The New Zealand study that has tracked more than 1,000 people born in 1972-73 in the same town from birth to the present.
Writing in the latest edition of the Proceedings of the National Academy of Sciences, the research team from the US, UK, Israel and New Zealand says that a panel of 18 biological measures can be combined to determine if people age faster or slower than their peers.
First author Dan Belsky, assistant professor of geriatrics in Duke University's Center for Aging, Durham, NC, USA, said because the ageing progress shows in human organs earlier than it does in eyes, joints and hair, the team measured the functions of kidneys, liver, lungs, metabolic and immune systems of the participants of the Dunedin Study.
They also measured HDL cholesterol, cardiorespiratory fitness, lung function and the length of the telomeres, which are protective caps at the end of chromosomes that shorten with age, dental health and the condition of the tiny blood vessels at the back of the eyes.
Based on a subset of these biomarkers, the research team set a biological age for each participant, which ranged from under 30 to nearly 60 in the 38-year-olds.
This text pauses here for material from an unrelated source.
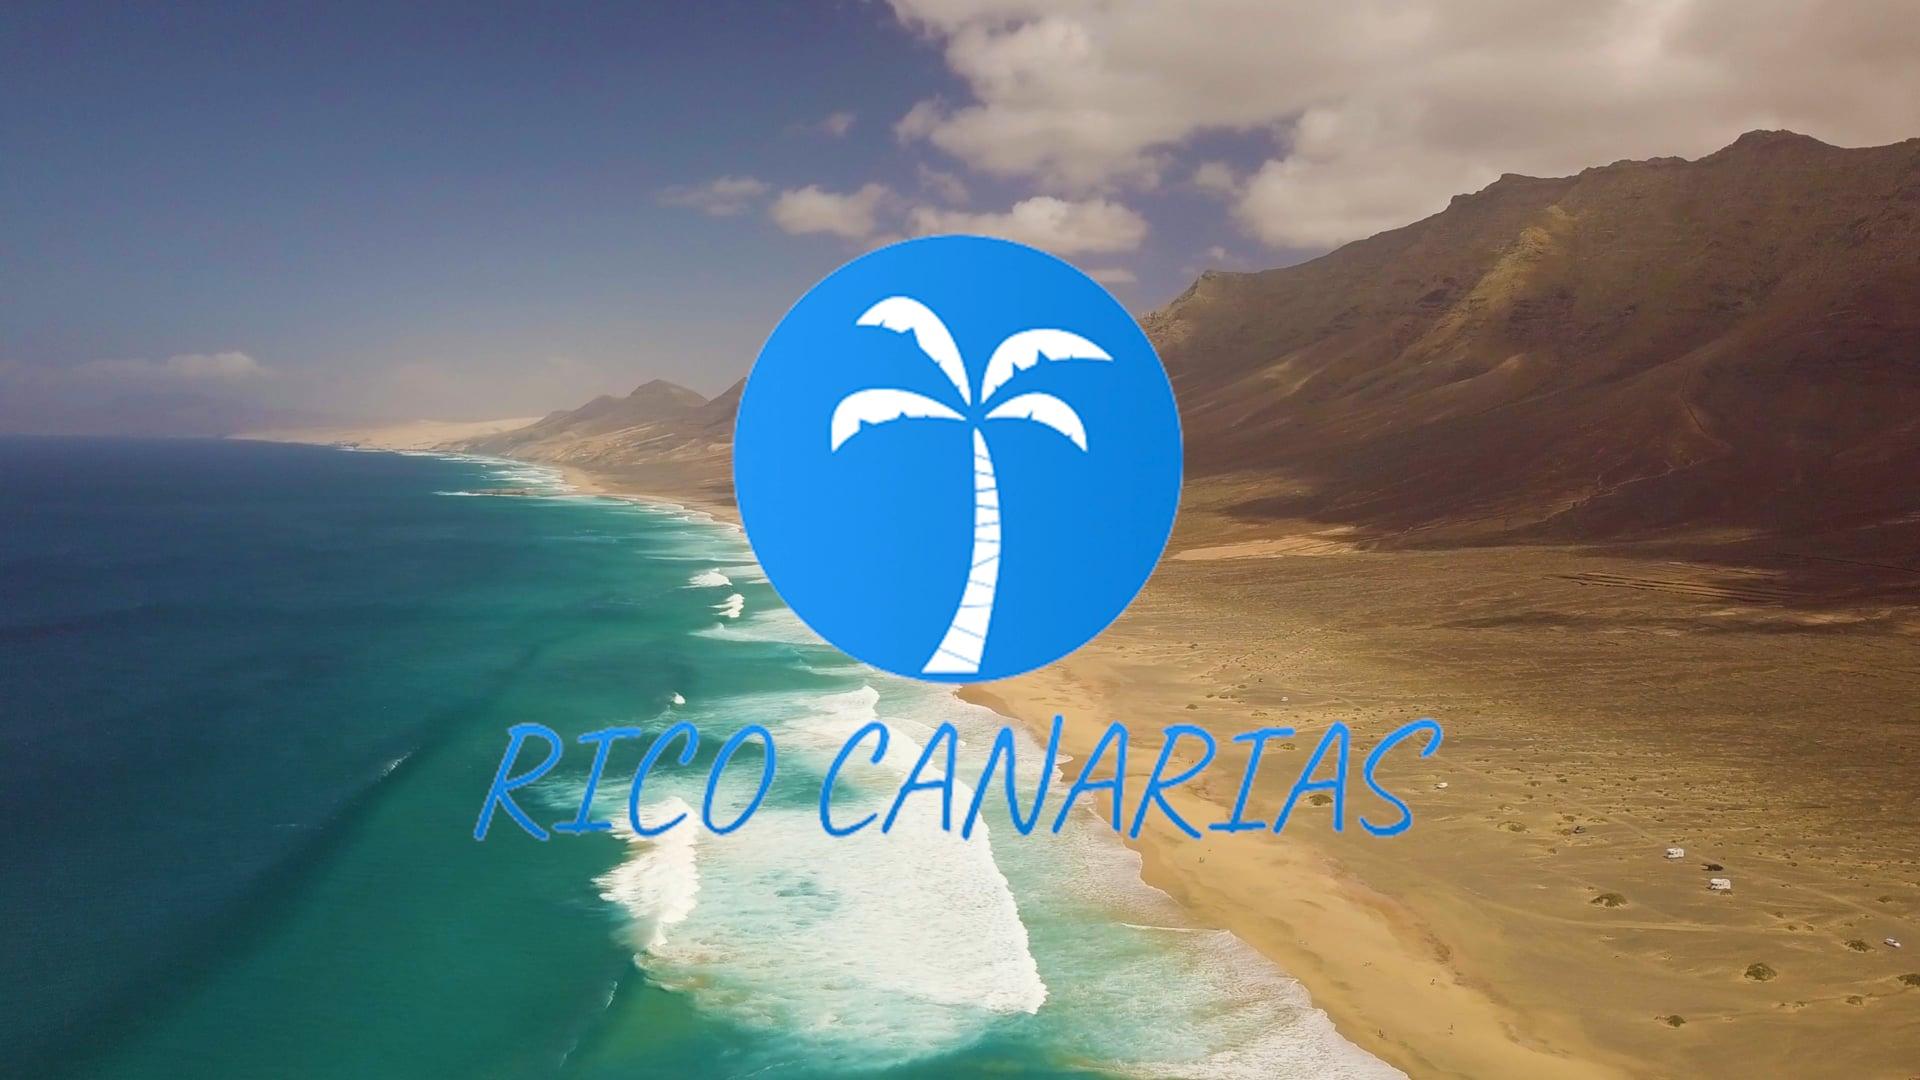 Rico Canarias

The researchers, who reported on 954 of the original 1,037 Dunedin participants, then returned to the archival data for each participant and looked at 18 biomarkers that were measured when the participants were age 26, and again when they were 32 and 38, to calculate that individual's pace of ageing.
While most participants clustered around an ageing rate of one year per year, others aged three years per chronological year, while many aged at zero years per year.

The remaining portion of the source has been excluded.